→ WHAT IS EXPECTED:
Transcribe the data that follows in full. Leave out the pictures.

→ DATASET CONTENT:
- Opening Delimiter -
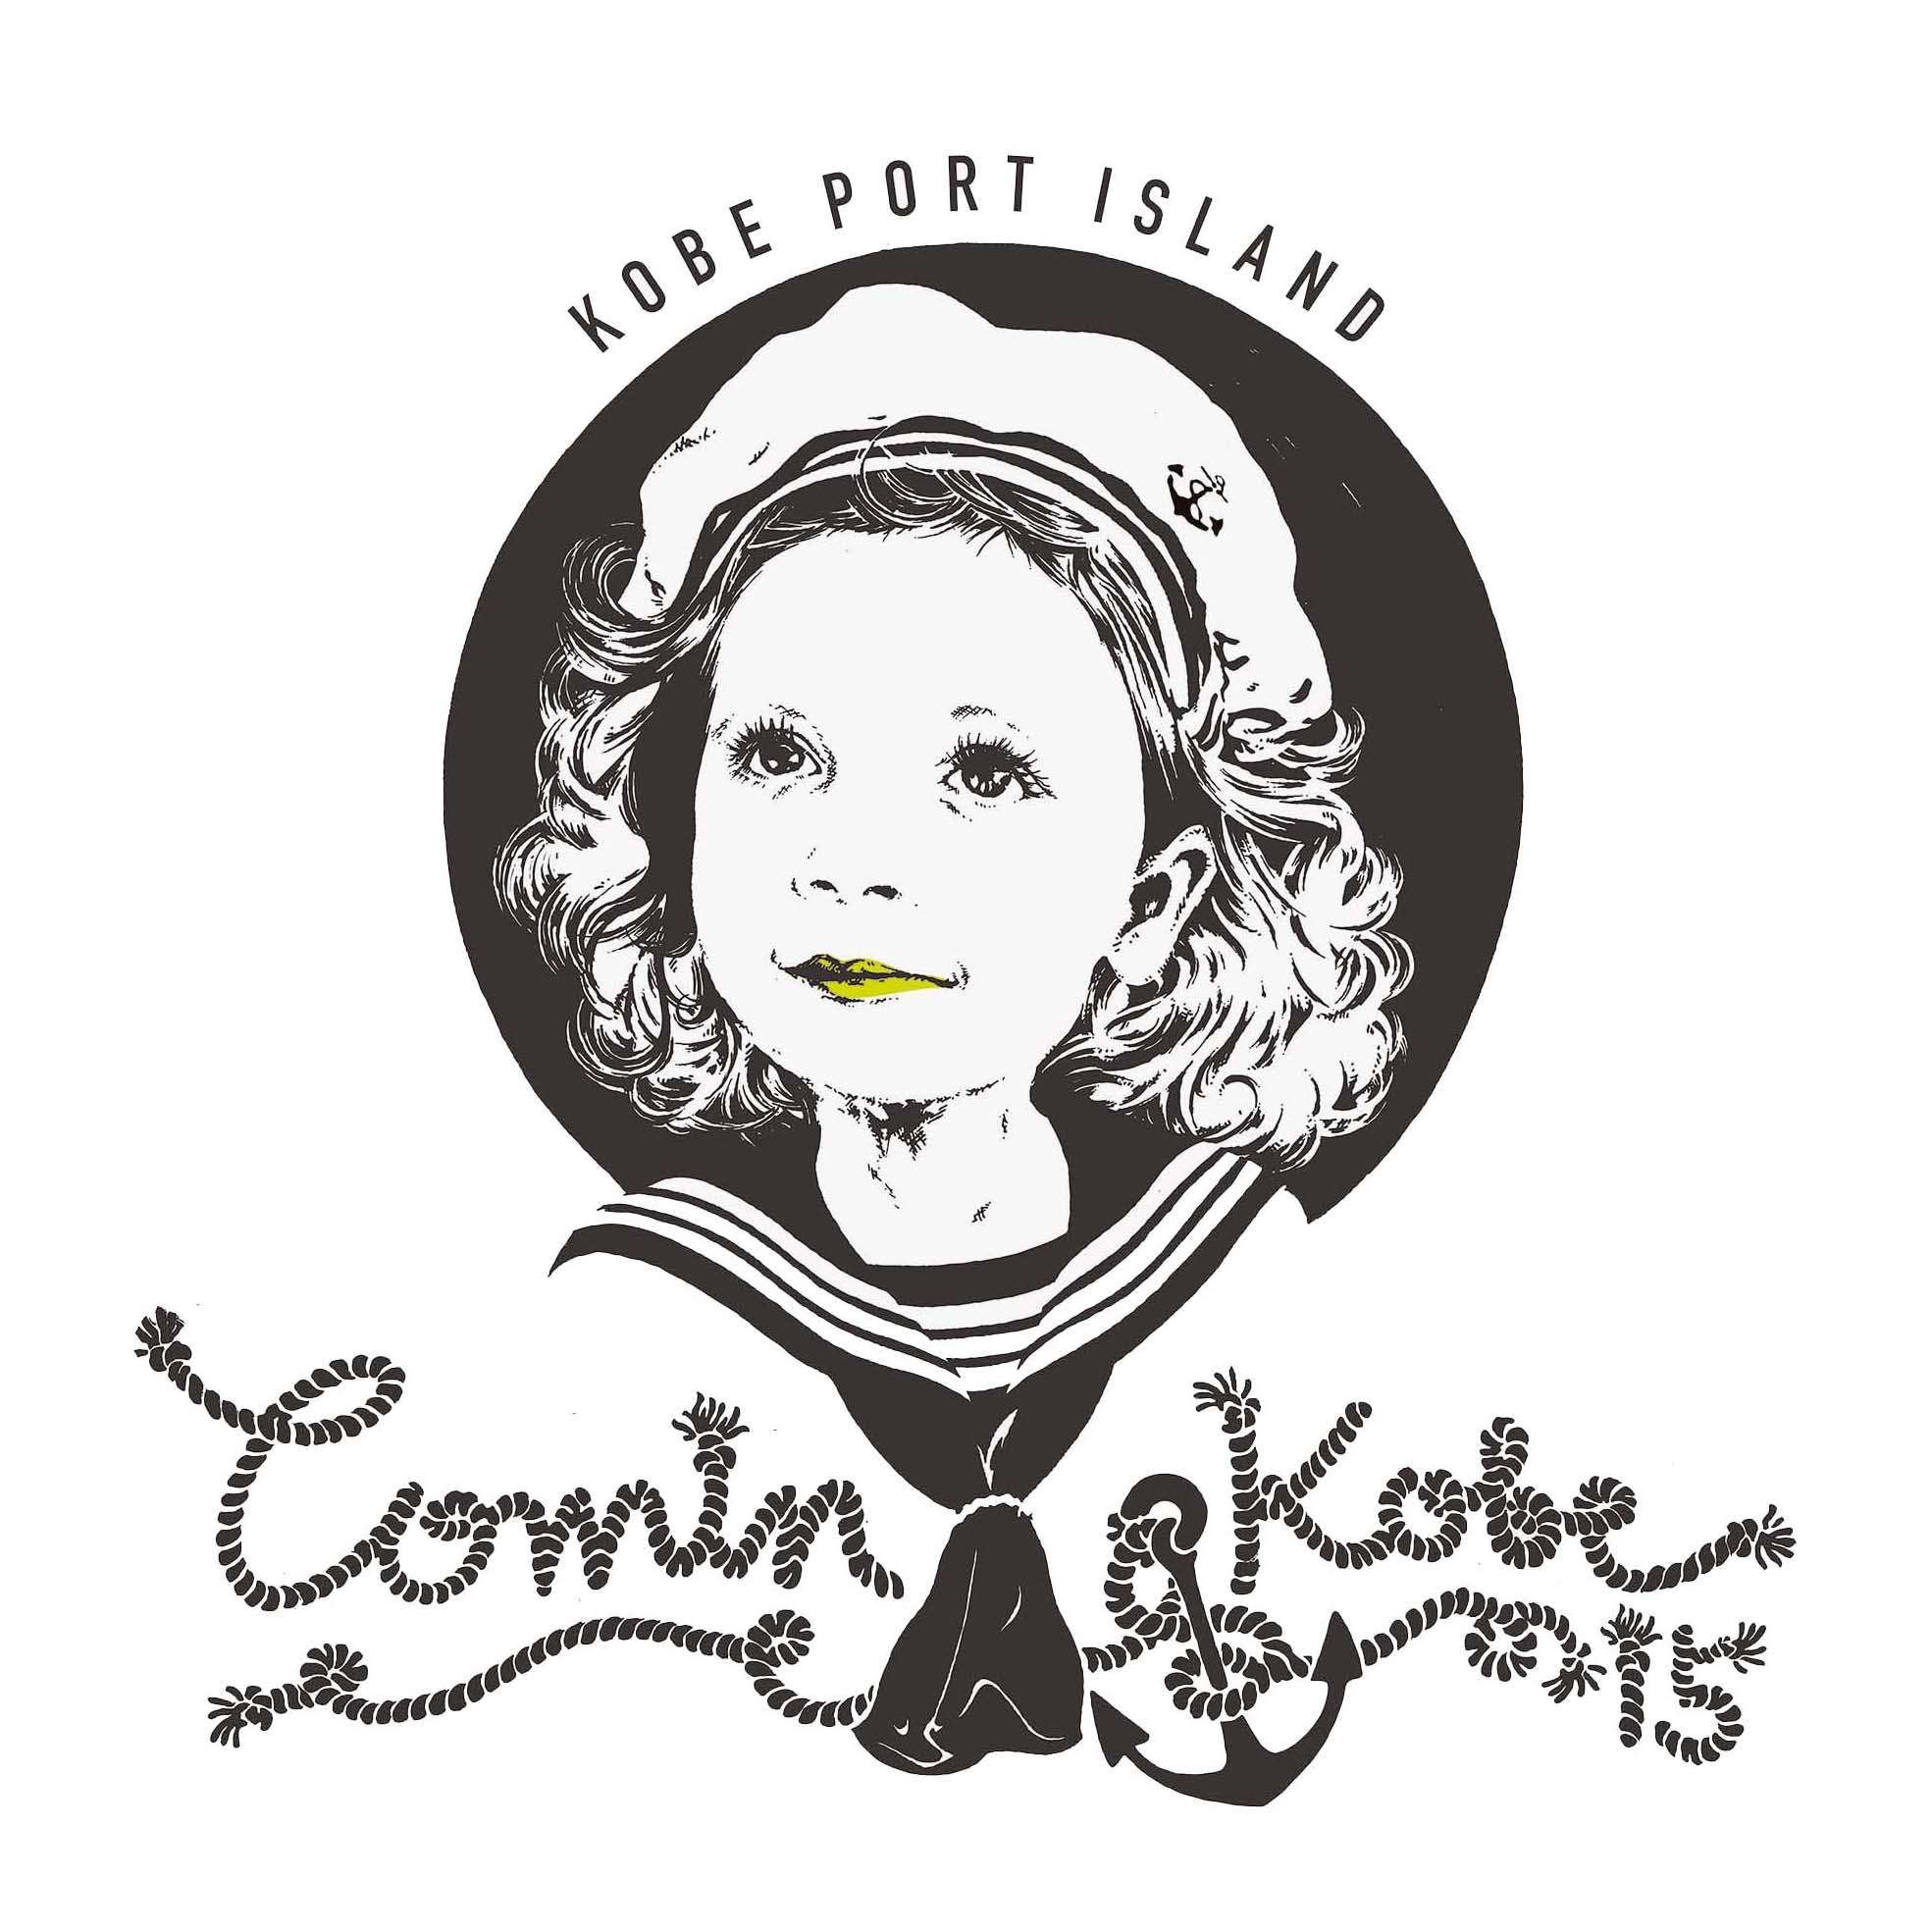 COMIN'KOBE 2015
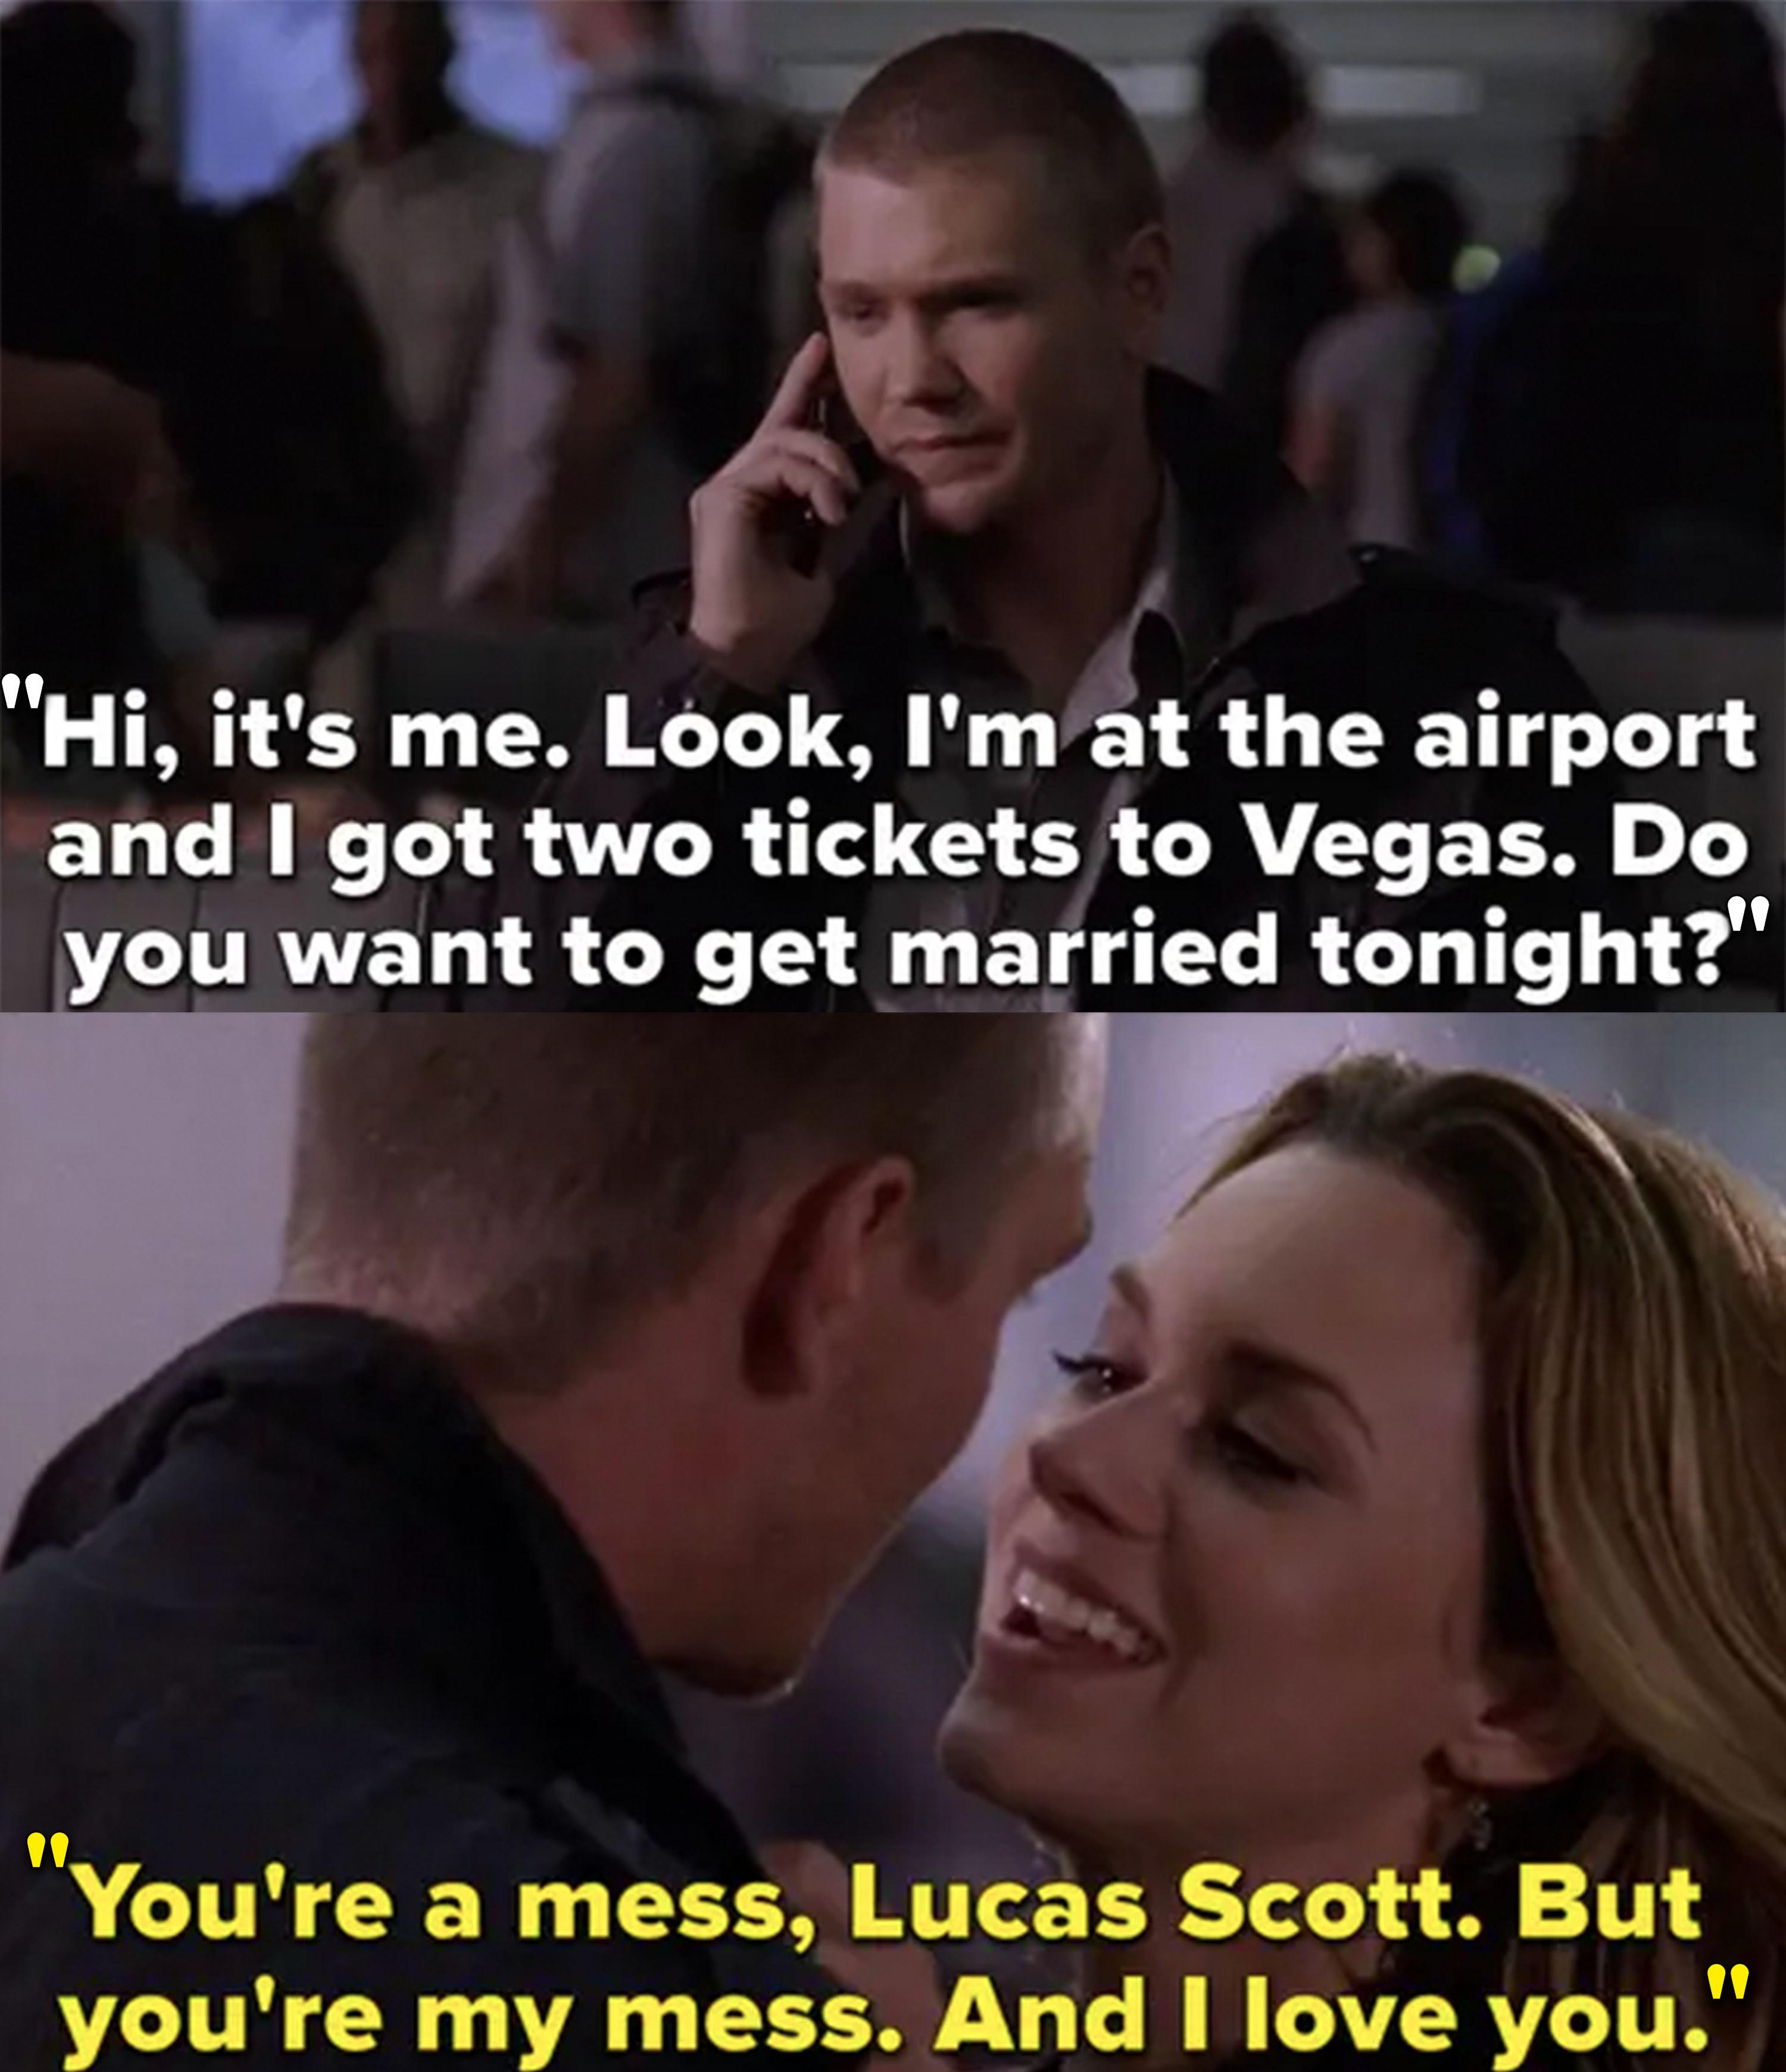 Lucas spontaneously asks Peyton to elope with him in Vegas
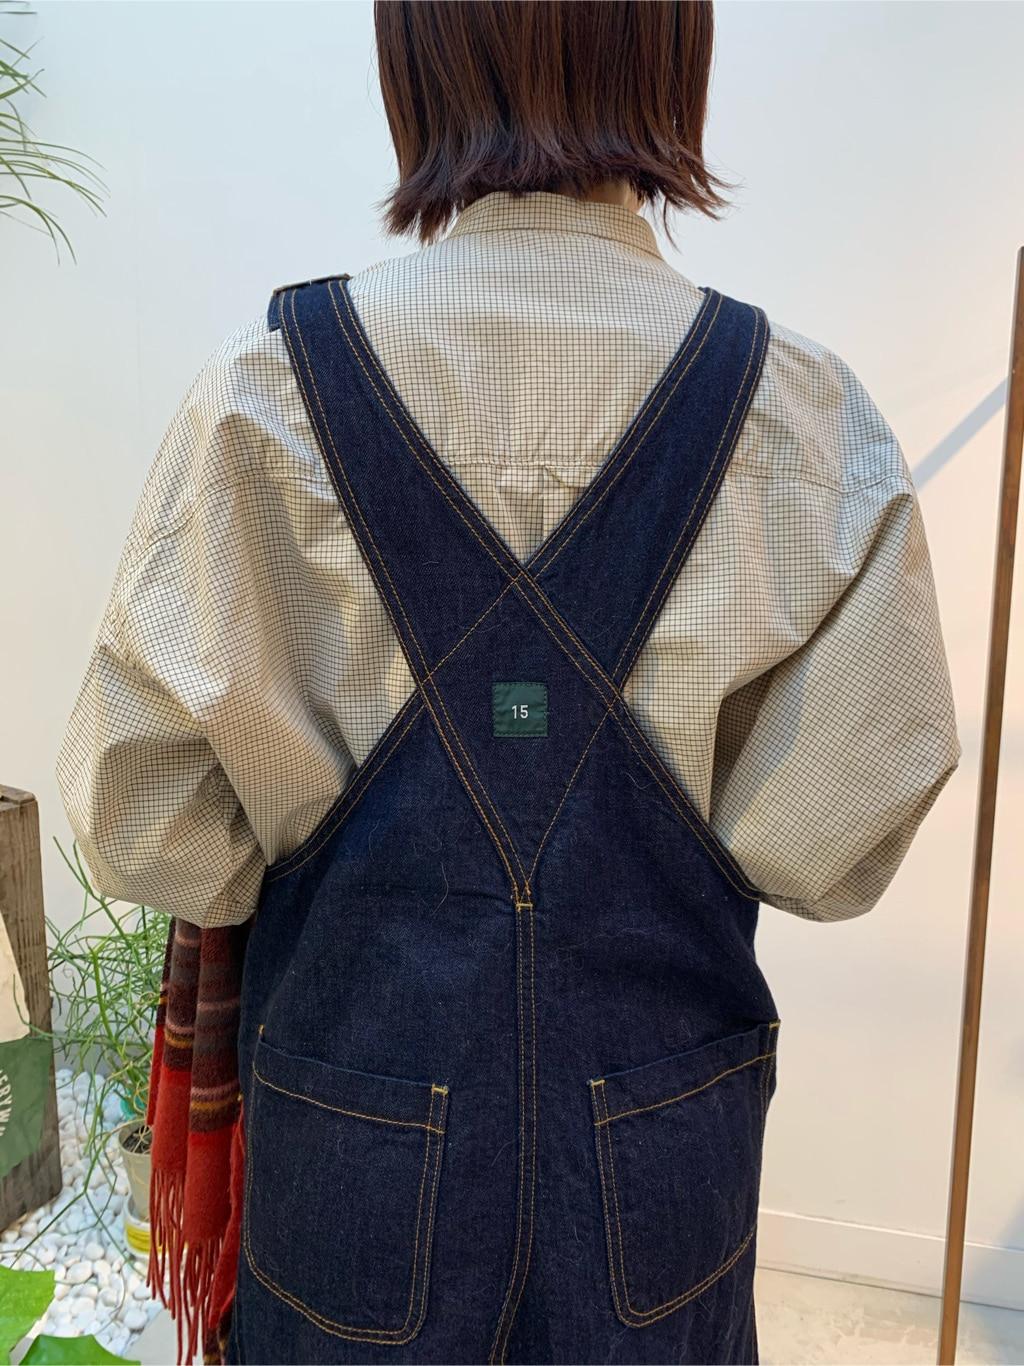 l'atelier du savon 名古屋栄路面 身長:161cm 2020.12.22
- Closing Delimiter -
→ OUTPUT FOR THIS TASK:
 COMIN'KOBE 2015
 Lucas spontaneously asks Peyton to elope with him in Vegas
 l'atelier du savon 名古屋栄路面 身長:161cm 2020.12.22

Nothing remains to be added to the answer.